Problem details:
Go to the line holding "Jihadistes français condamnés" in the data below and repeat it exactly, then each line after it up to and including the one holding "16in. Pua Hibiscus". Omit pictures.

Exercise materials:
___

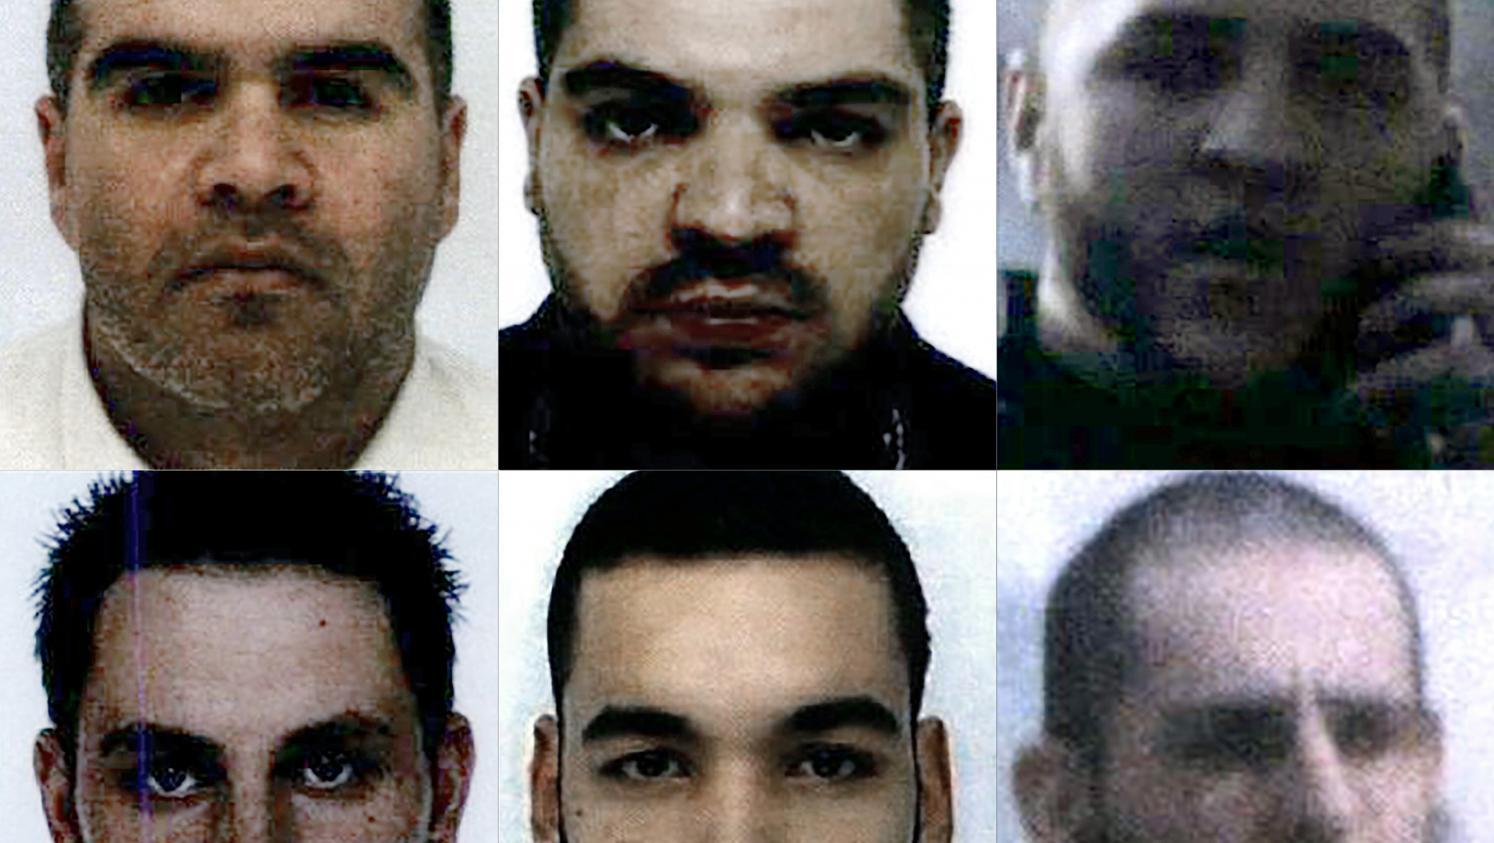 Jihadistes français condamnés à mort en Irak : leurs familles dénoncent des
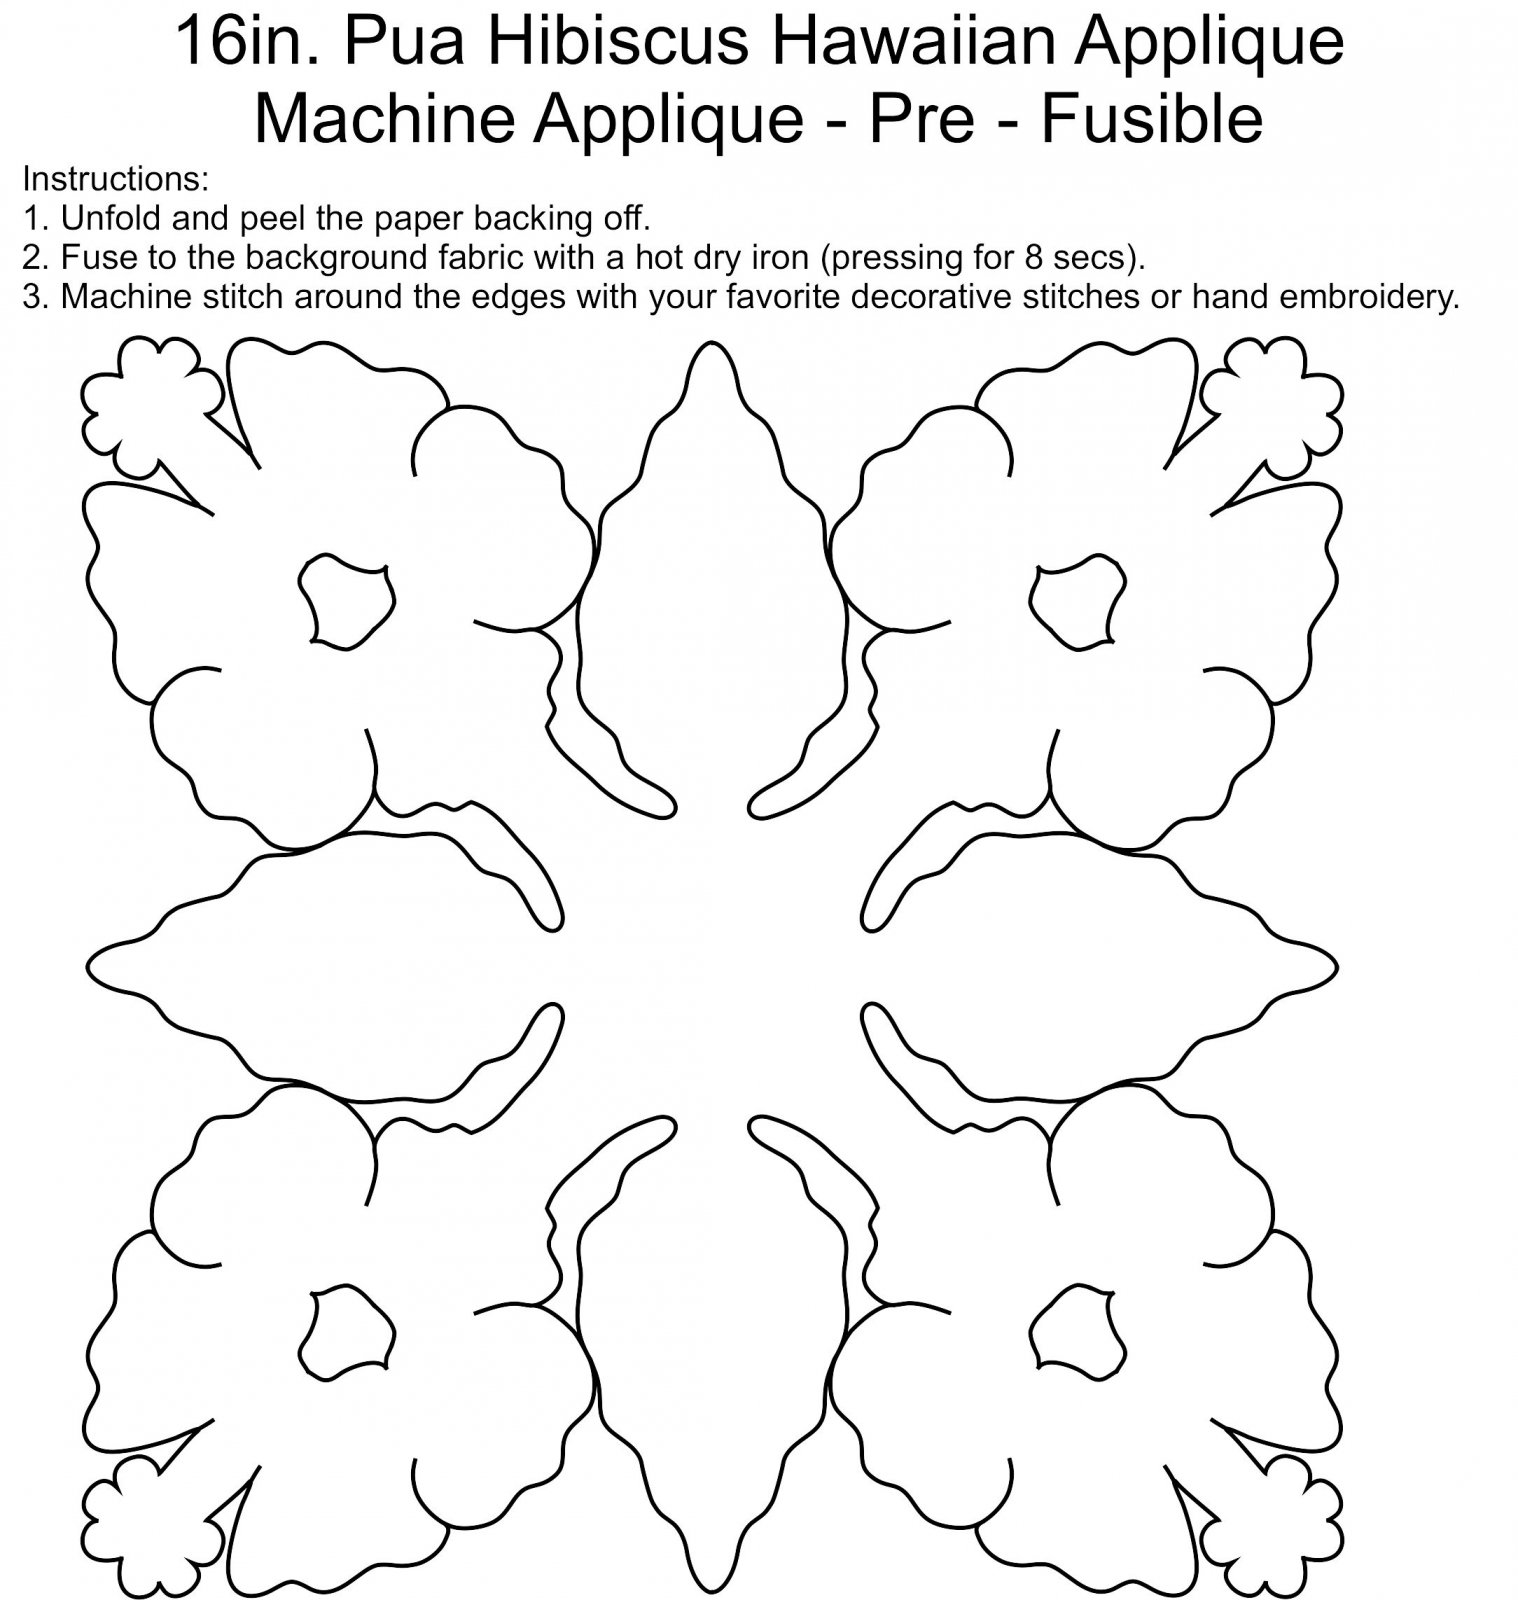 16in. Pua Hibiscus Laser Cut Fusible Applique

___

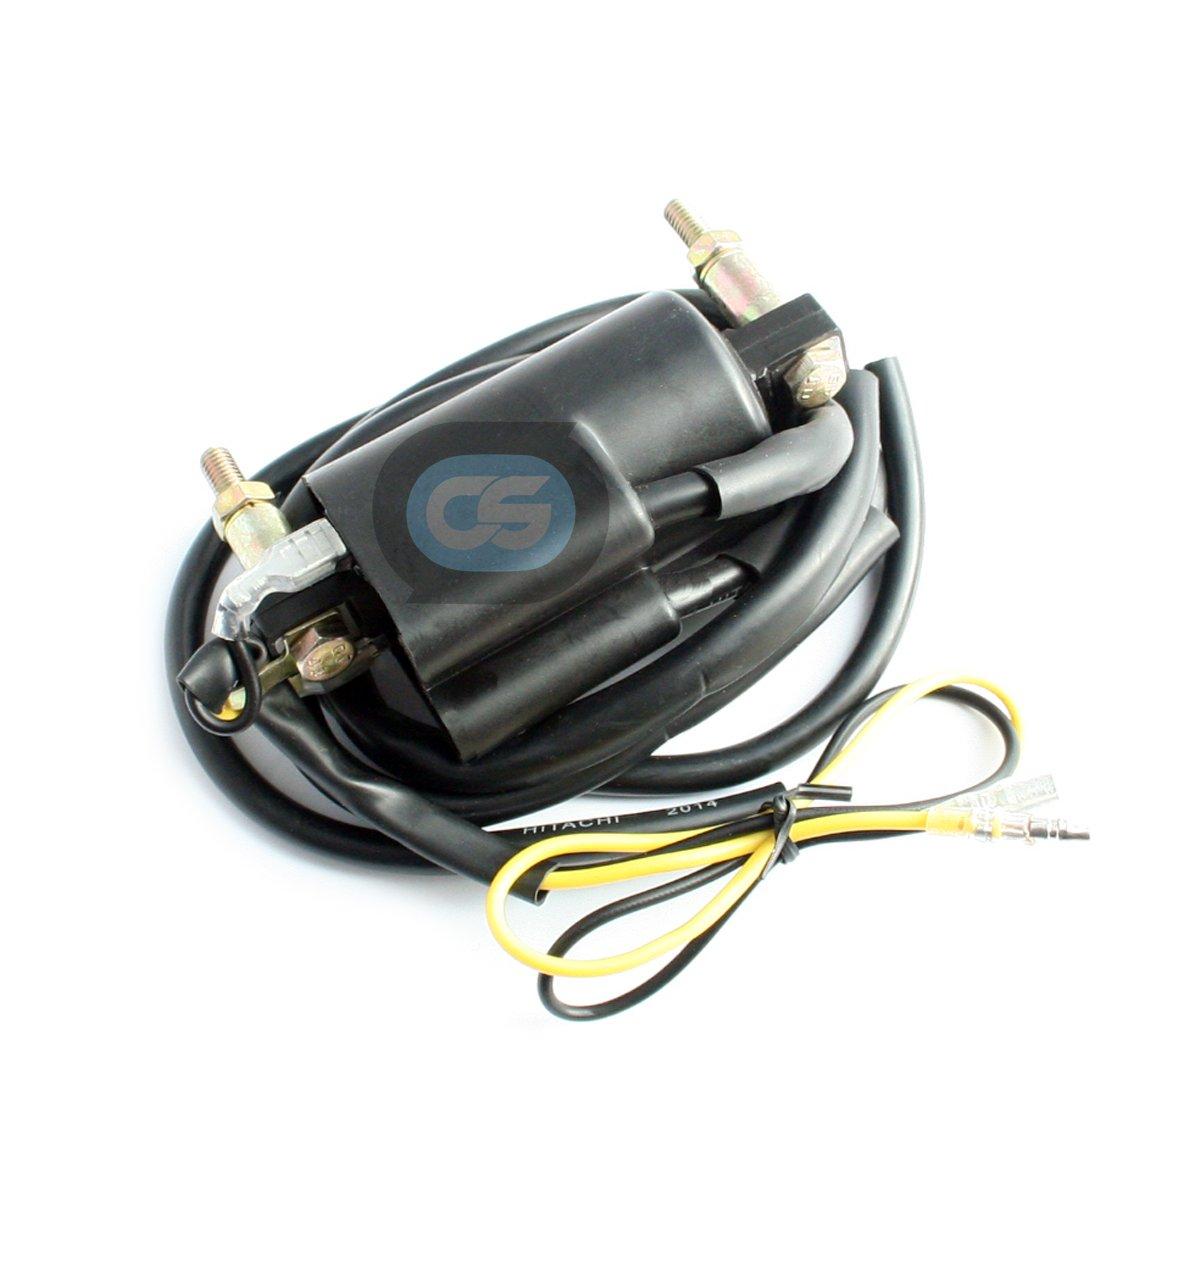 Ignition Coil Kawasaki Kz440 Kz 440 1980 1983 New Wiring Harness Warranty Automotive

___

Problem solution:
 Jihadistes français condamnés à mort en Irak : leurs familles dénoncent des
 16in. Pua Hibiscus Laser Cut Fusible Applique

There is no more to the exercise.